Data section:
----

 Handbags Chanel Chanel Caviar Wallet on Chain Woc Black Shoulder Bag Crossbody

----

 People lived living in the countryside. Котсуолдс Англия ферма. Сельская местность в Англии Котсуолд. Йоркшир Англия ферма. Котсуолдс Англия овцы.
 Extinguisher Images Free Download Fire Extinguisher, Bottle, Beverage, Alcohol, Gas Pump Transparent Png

----

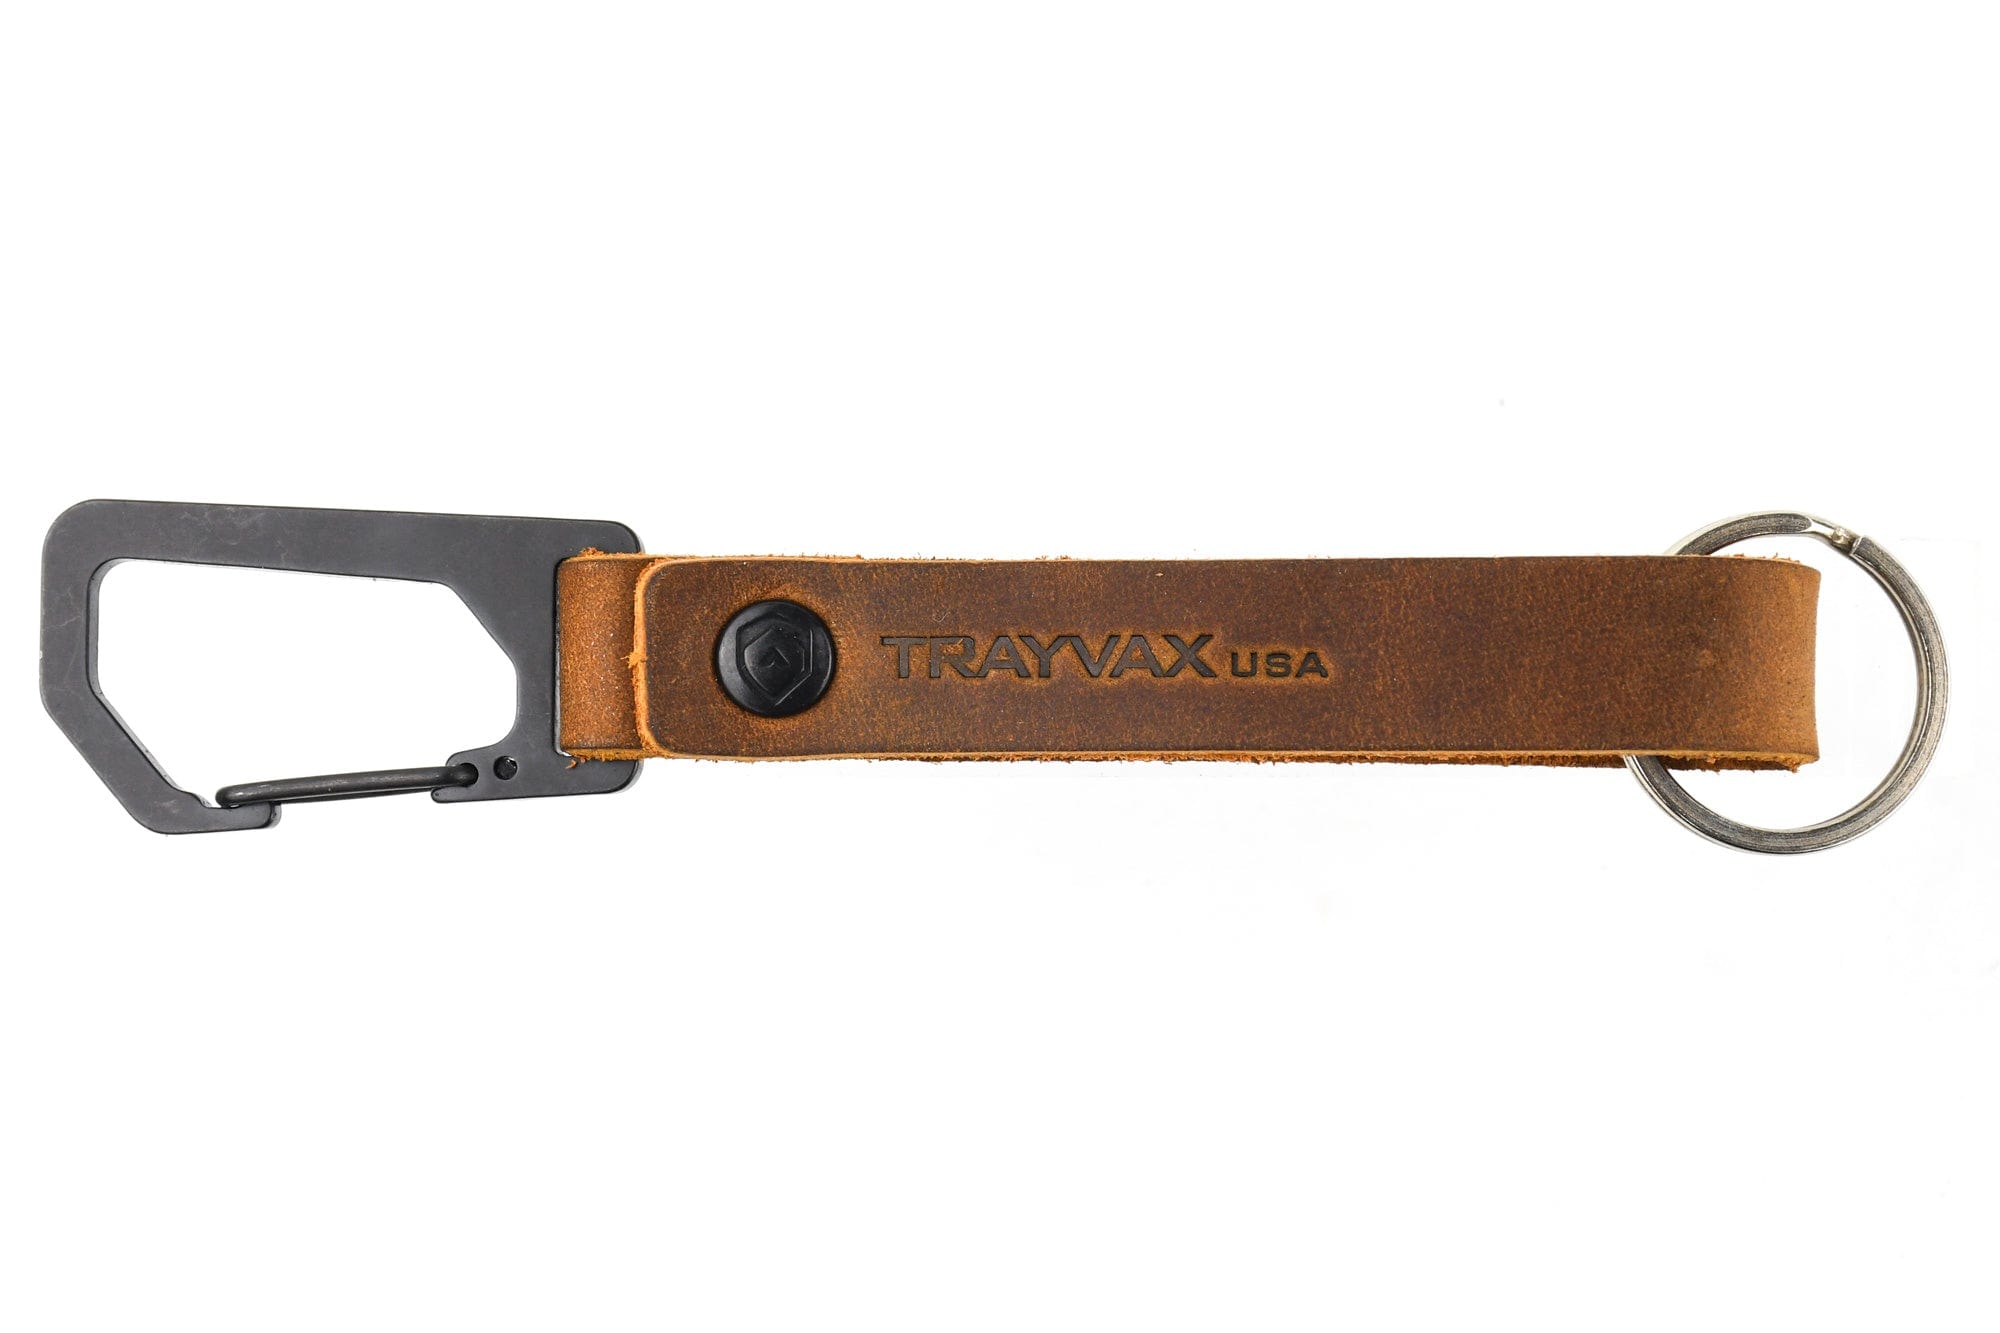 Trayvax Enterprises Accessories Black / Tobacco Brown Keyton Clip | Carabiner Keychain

----

Task directions:
Once you find the line with "People lived living" above, print it and every line after it up to and including the line with "Extinguisher Images Free", exactly as written and nothing else.

Exercise response:
 People lived living in the countryside. Котсуолдс Англия ферма. Сельская местность в Англии Котсуолд. Йоркшир Англия ферма. Котсуолдс Англия овцы.
 Extinguisher Images Free Download Fire Extinguisher, Bottle, Beverage, Alcohol, Gas Pump Transparent Png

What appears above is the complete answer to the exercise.